Biography

E’dna at Work
E'dna is a contemporary abstract artist whose work occupies a unique space at the intersection of Indian cultural heritage and European abstract expressionism. Born in India and based in Vienna, Austria, she creates large-format paintings that transform memories into luminous, layered abstractions.
Known by her nickname Sona — Hindi for “Gold” — Edna's artistic identity is deeply rooted in this duality. Her warm, golden palette reflects both the light of the Indian landscape and the richness of Viennese artistic tradition. Each painting is a bridge between two worlds: the vibrant chaos of Indian street life and the contemplative stillness of the European studio.
E'dna's distinctive Layer-drag technique manipulates paint across large canvases with precision and emotion.

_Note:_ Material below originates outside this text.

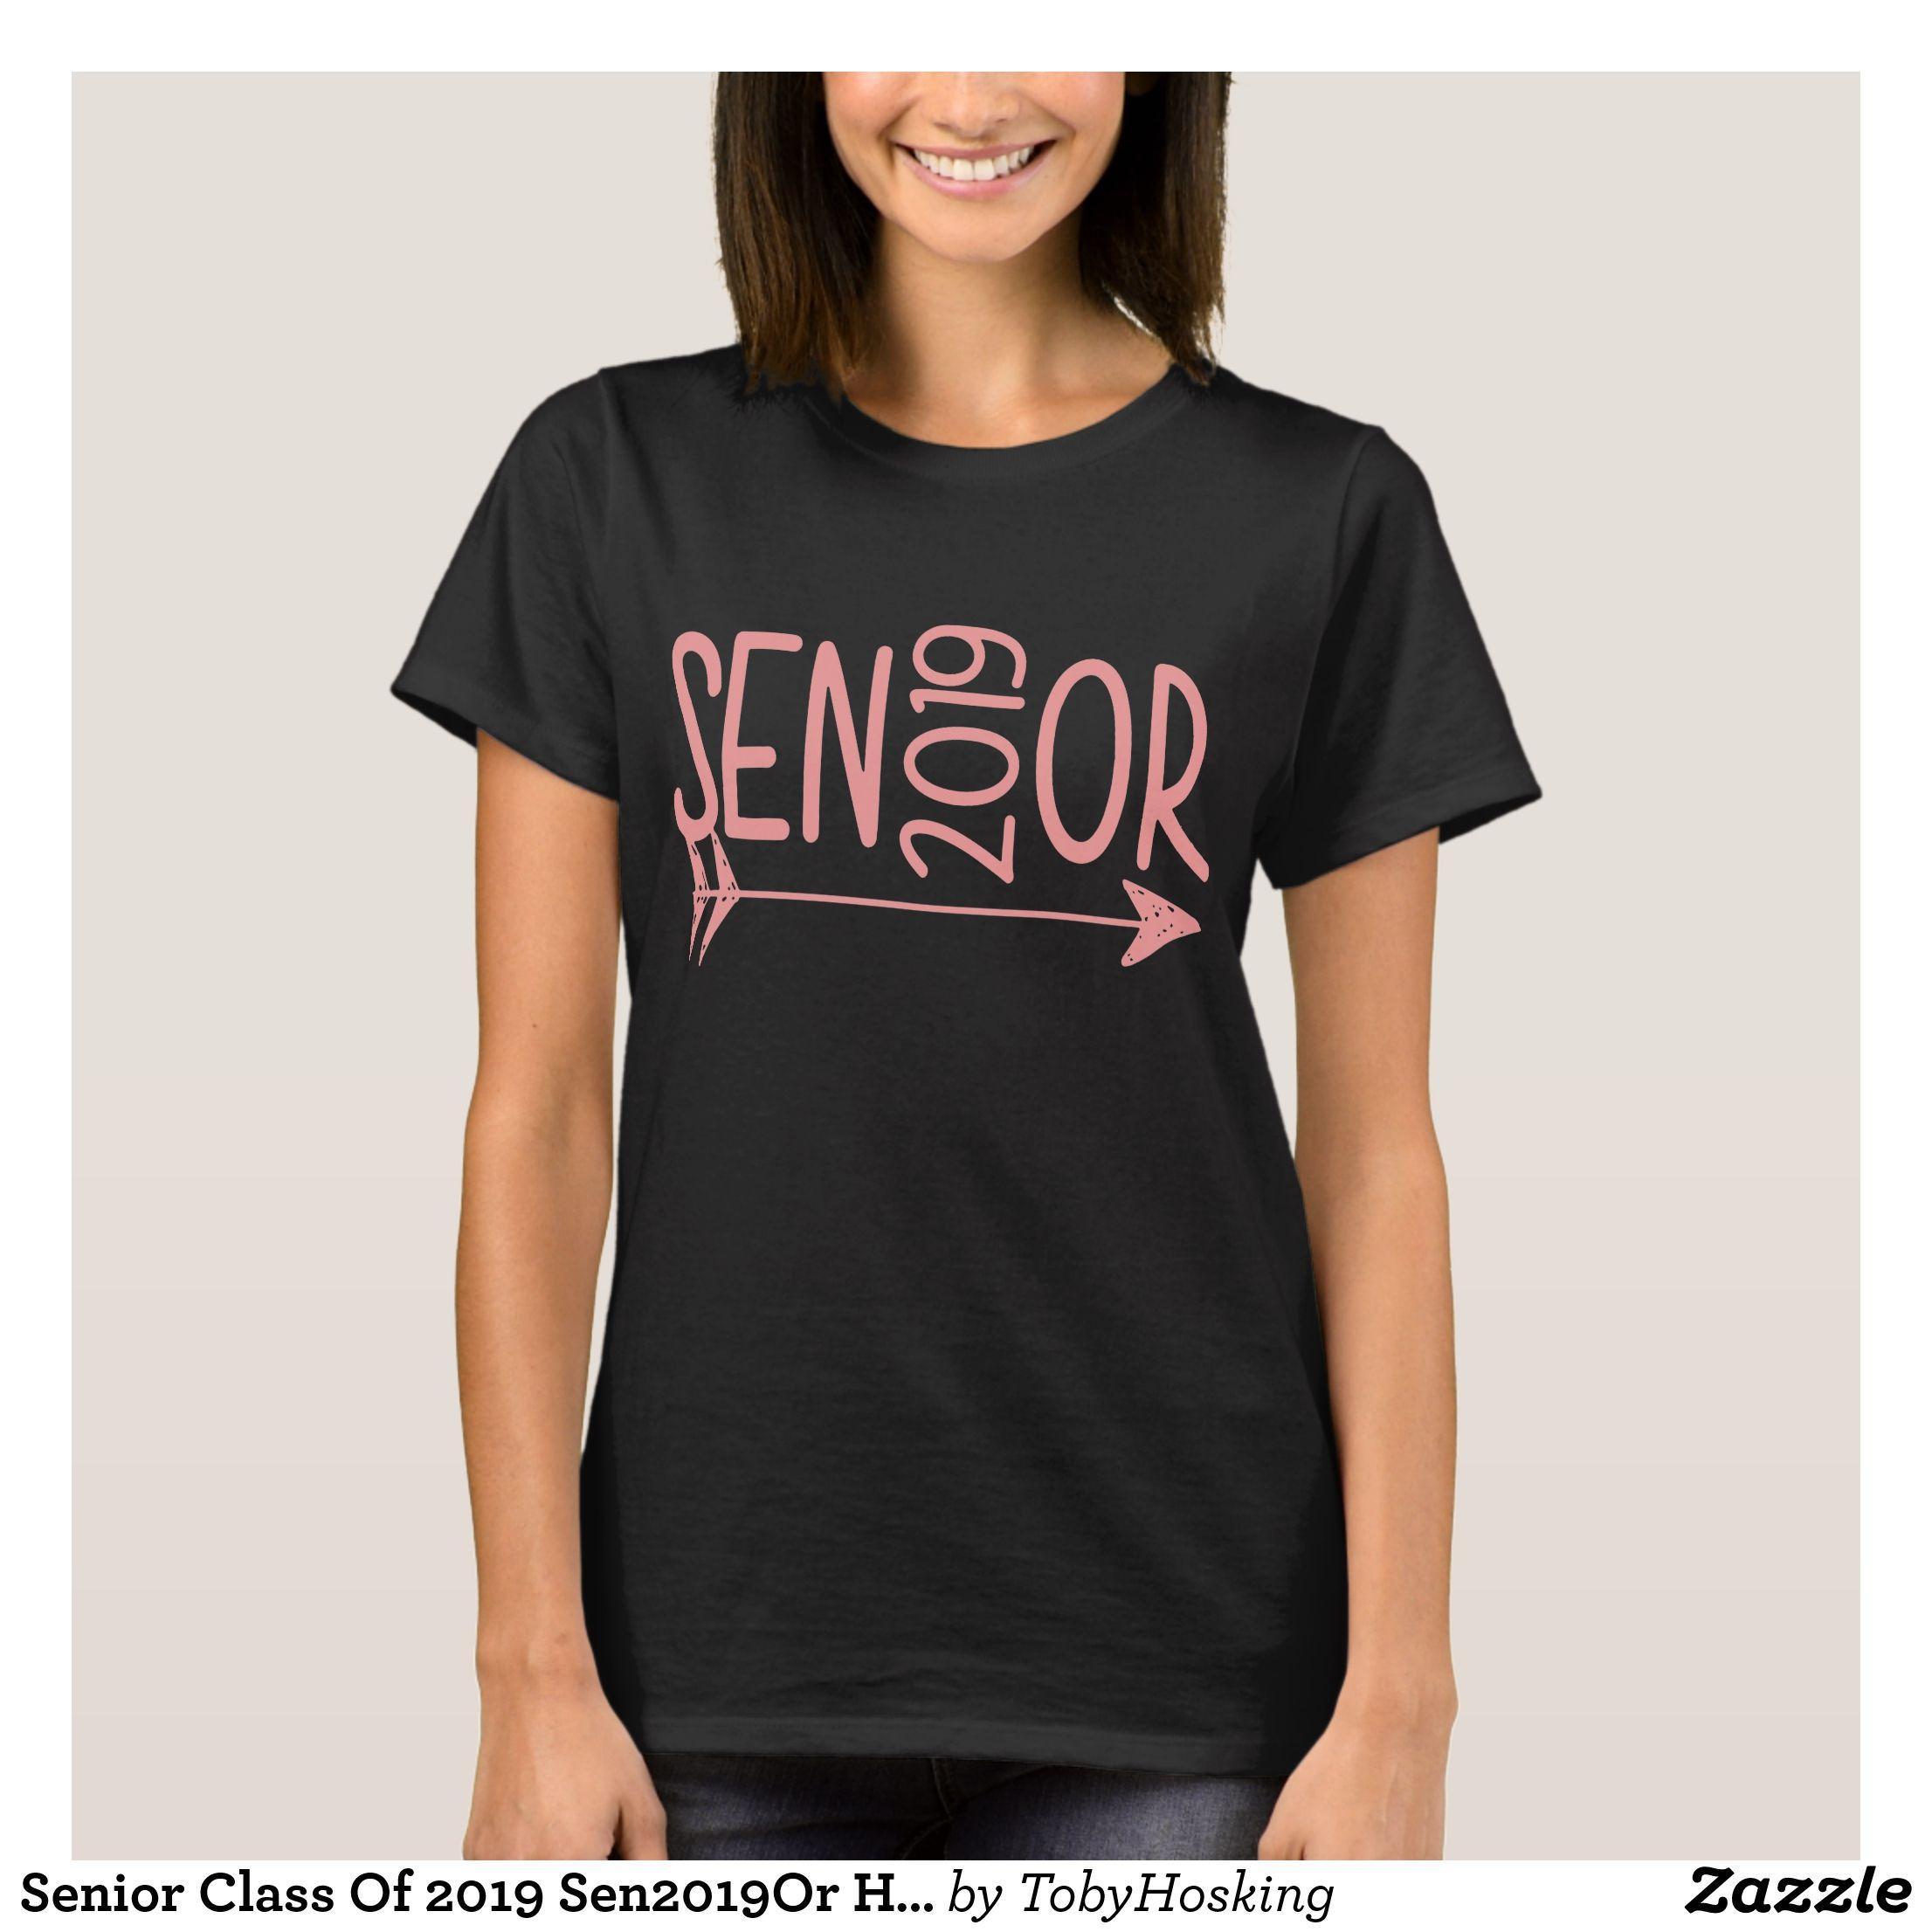 63f761dfe3f24 Senior Class Of 2019 Sen2019Or Hanes Tagless Senio T-Shirt - Fashionable Women s  Shirts By Creative Talented Graphic Designers -  shirts  tshirts  fashion  ...

She begins each painting with photographic references from her extensive travels. Each image transforms through successive layers of paint, where colors blur, layer, and dissolve into one another, creating a visual experience that mirrors the way memory itself functions.

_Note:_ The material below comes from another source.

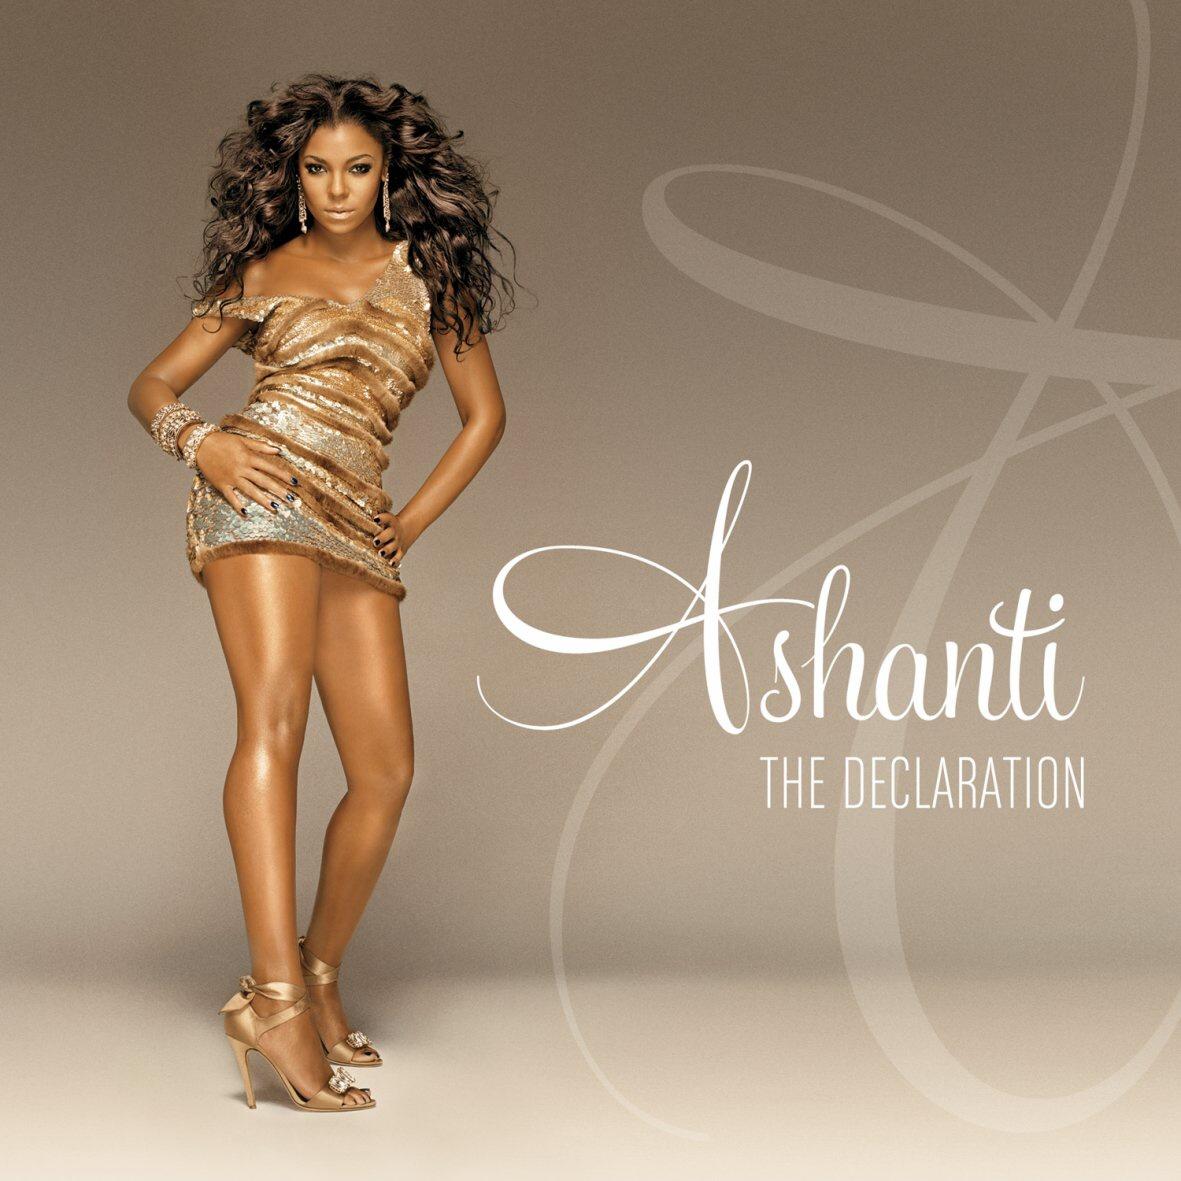 http://2.bp.blogspot.com/_YJM766qf5ps/TF9trn4SMxI/AAAAAAAAIw4/lB0XnSV5InY/s1600/Ashanti+-+The+Declaration+-+Front.jpg
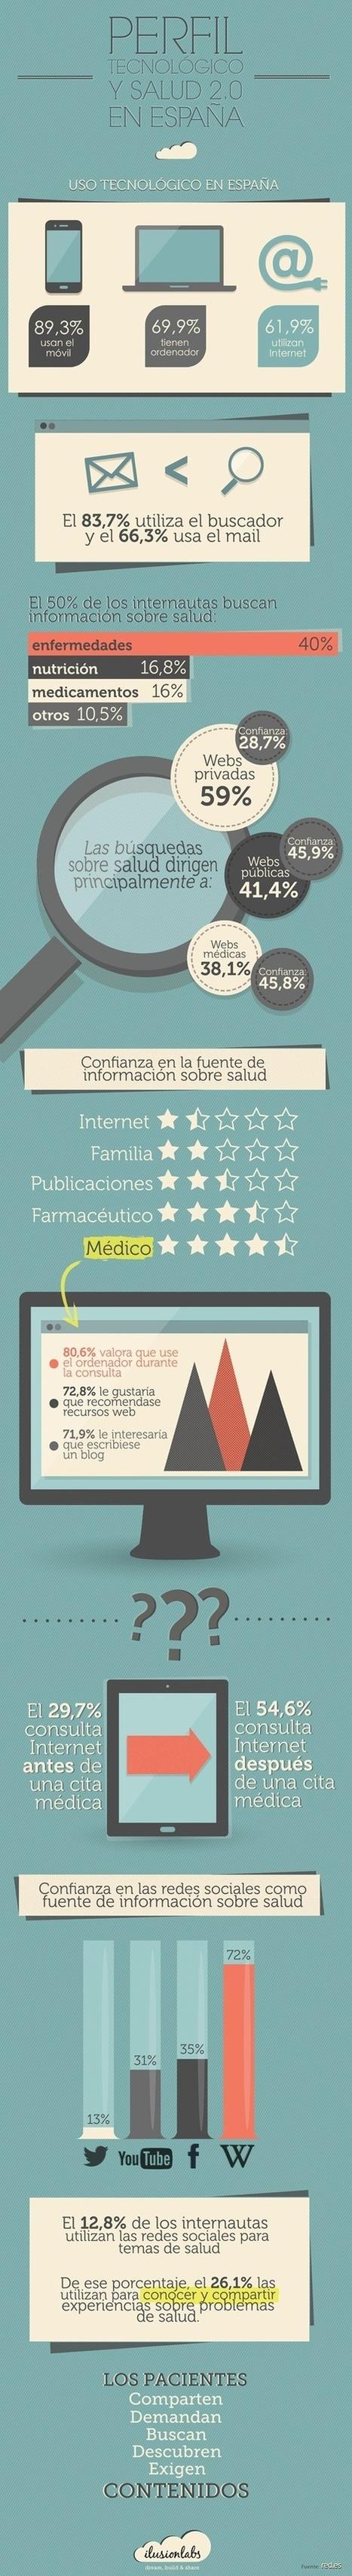 Infografía del consumo de Salud 2.0 en España | COMunicación en Salud | Scoop.it

The result is a body of work that hovers between figuration and abstraction, between memory and dream. Recognizable forms — a figure, a building, a landscape — emerge and dissolve within the paint, creating a visual experience that mirrors the way memory itself functions: fragmentary, layered, and suffused with emotion.
Edna's work is organized into thematic series, each exploring a different facet of the her travel experience through the lens of abstraction:
The kinetic energy of Indian street life, where thousands of bodies create a living tapestry of color and movement.

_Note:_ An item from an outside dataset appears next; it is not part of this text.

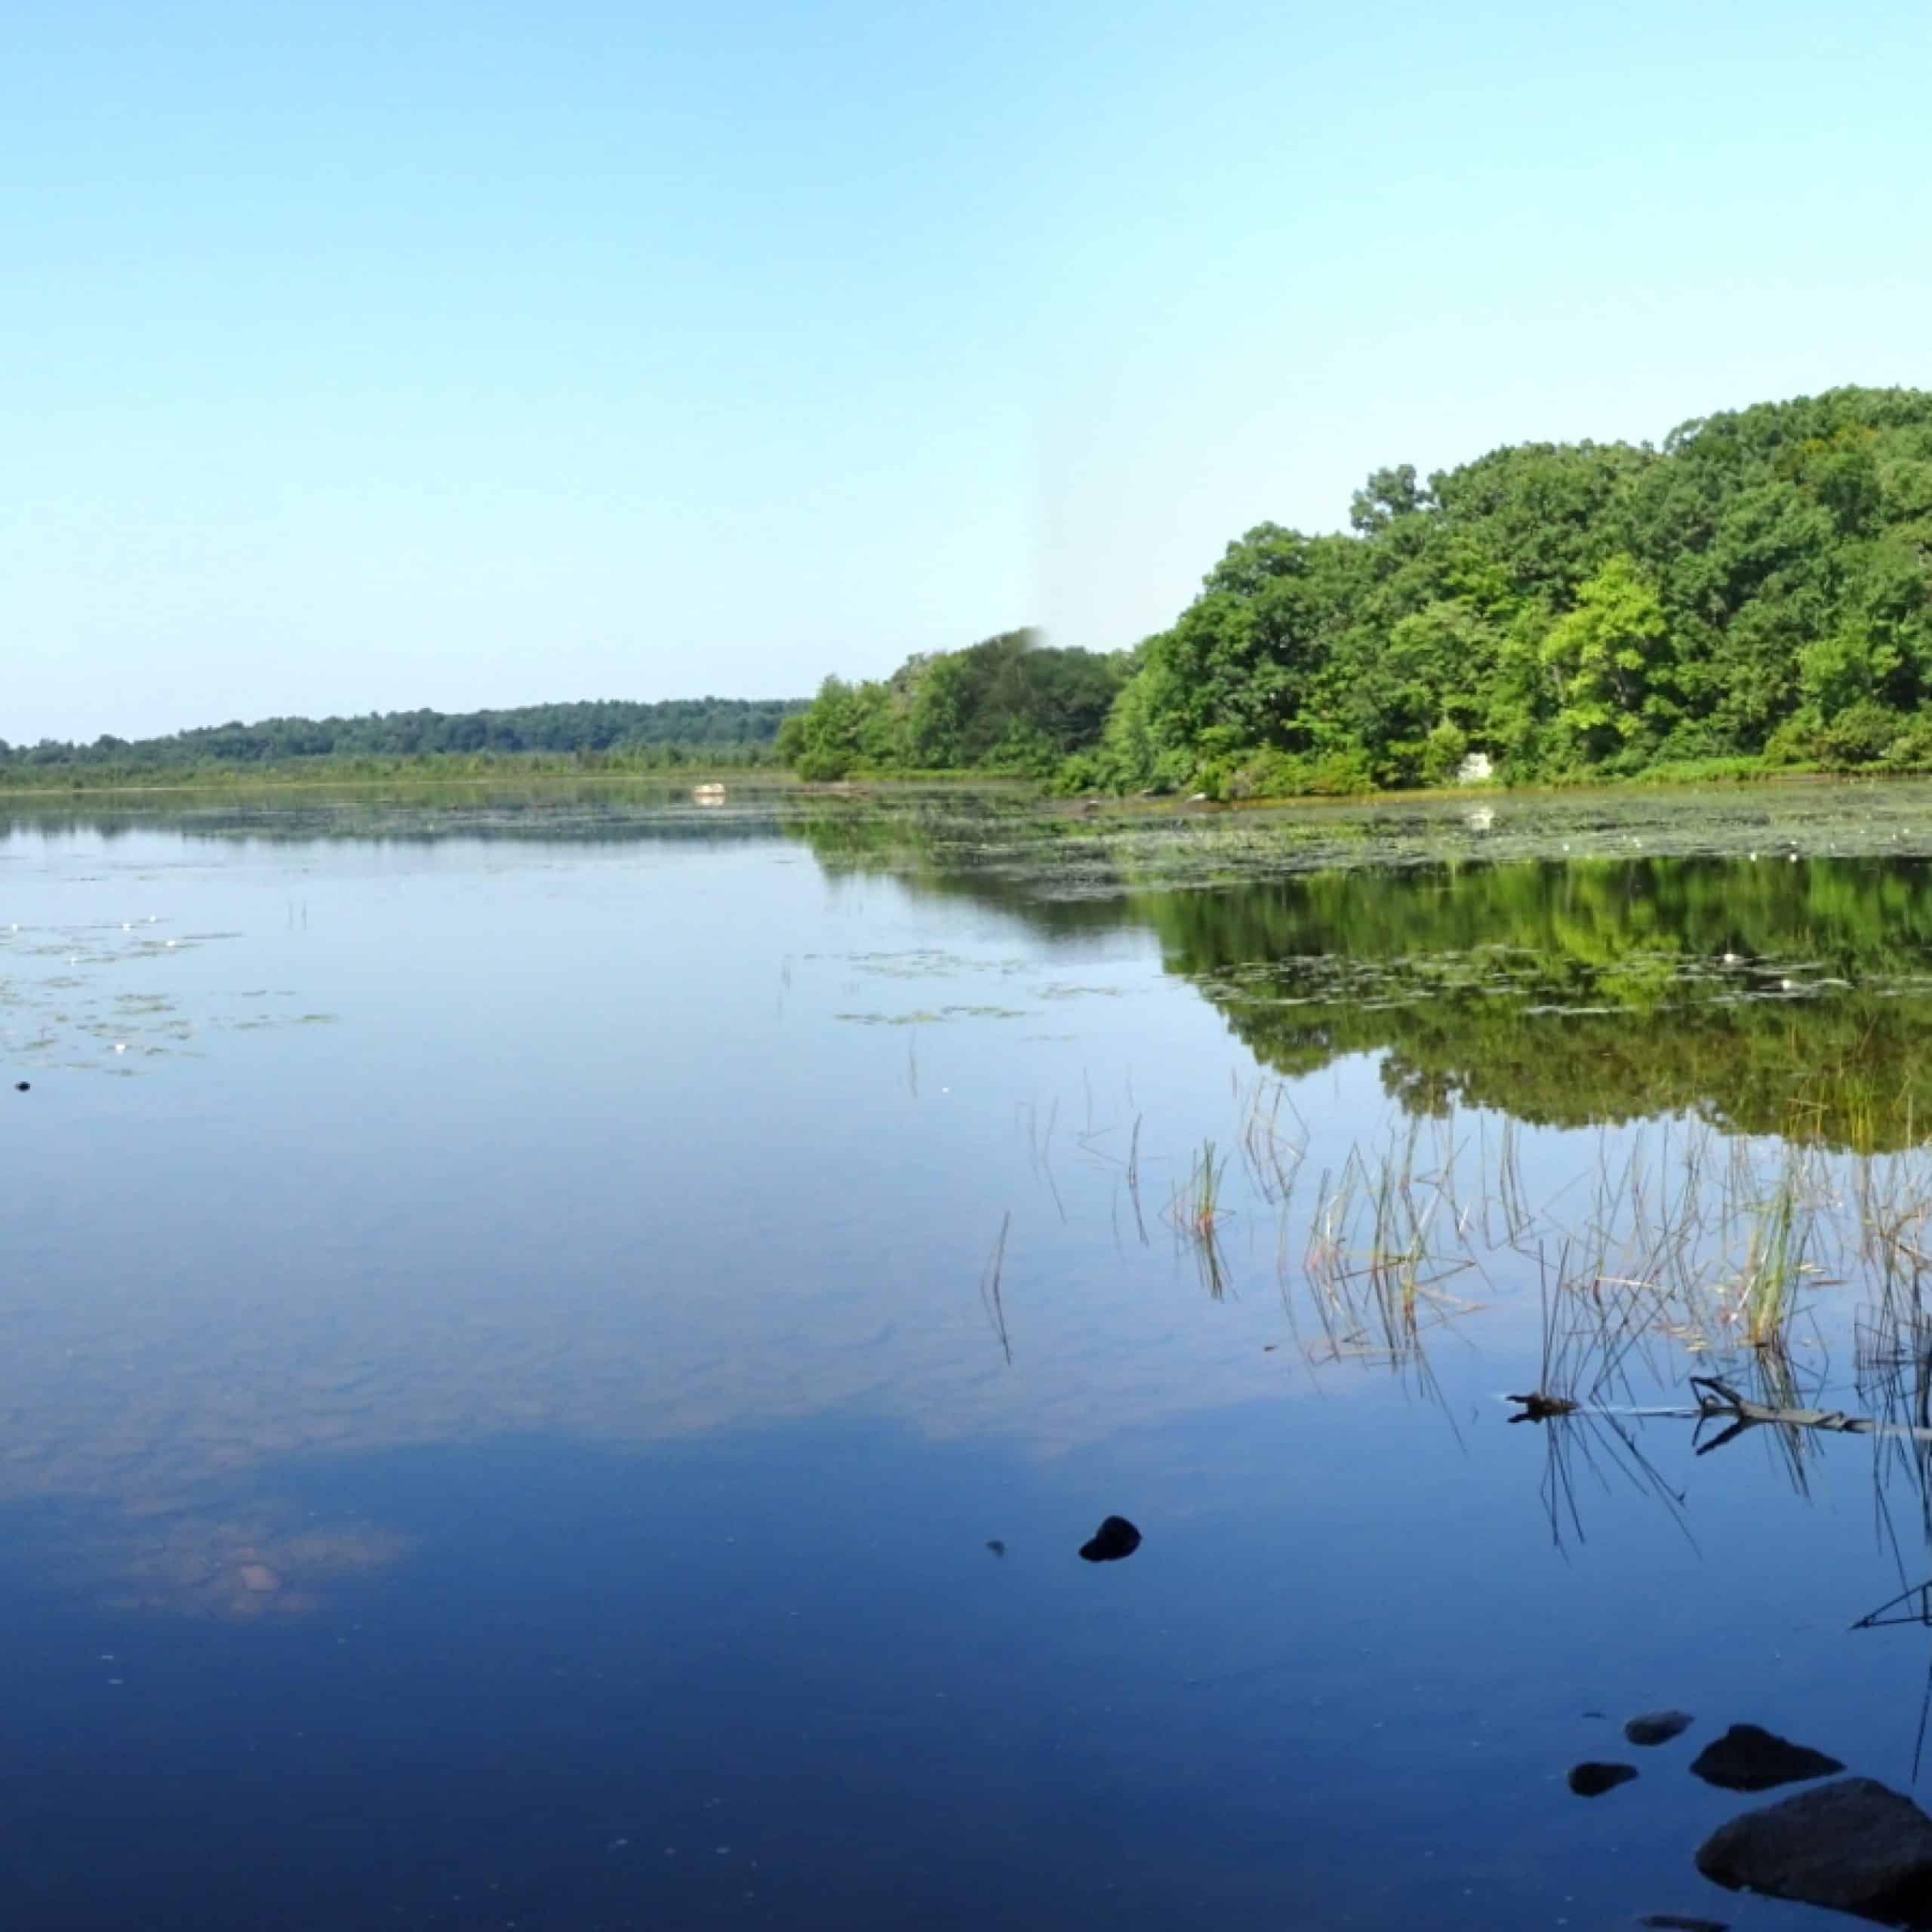 ponkapoag pond panorama

Nocturnal urban landscapes where neon lights and traffic trails dissolve into pure color and rhythm.
The vast expanses of paddy fields to Mediterranean spring meadows, distilled into essential color bands.
Reflections, fluidity, and the meditative quality of water surfaces rendered in luminous blues and greens.
Architectural abstractions inspired by the cities of Rajasthan - the ornate facades of Rajasthani havelis.
Pure explorations of form, color, and the Layer-drag technique, freed from representational constraints.
“My paintings are acts of remembering and reproducing the India I left several decades ago and the impactful exposure of other continents through my extensive travel. I let these memories surface through the paint in my Vienna studio. The Layer-drag is my instrument of translation: it drags the image from clarity into ambiguity, from photograph into painting, from the specific into the universal.
I am interested in the moment when a recognizable scene begins to dissolve — when the crowd becomes a wave of color, when the city becomes pure light. This is where my work lives: in the space between seeing and remembering, between India and Europe, between the concrete and the abstract.”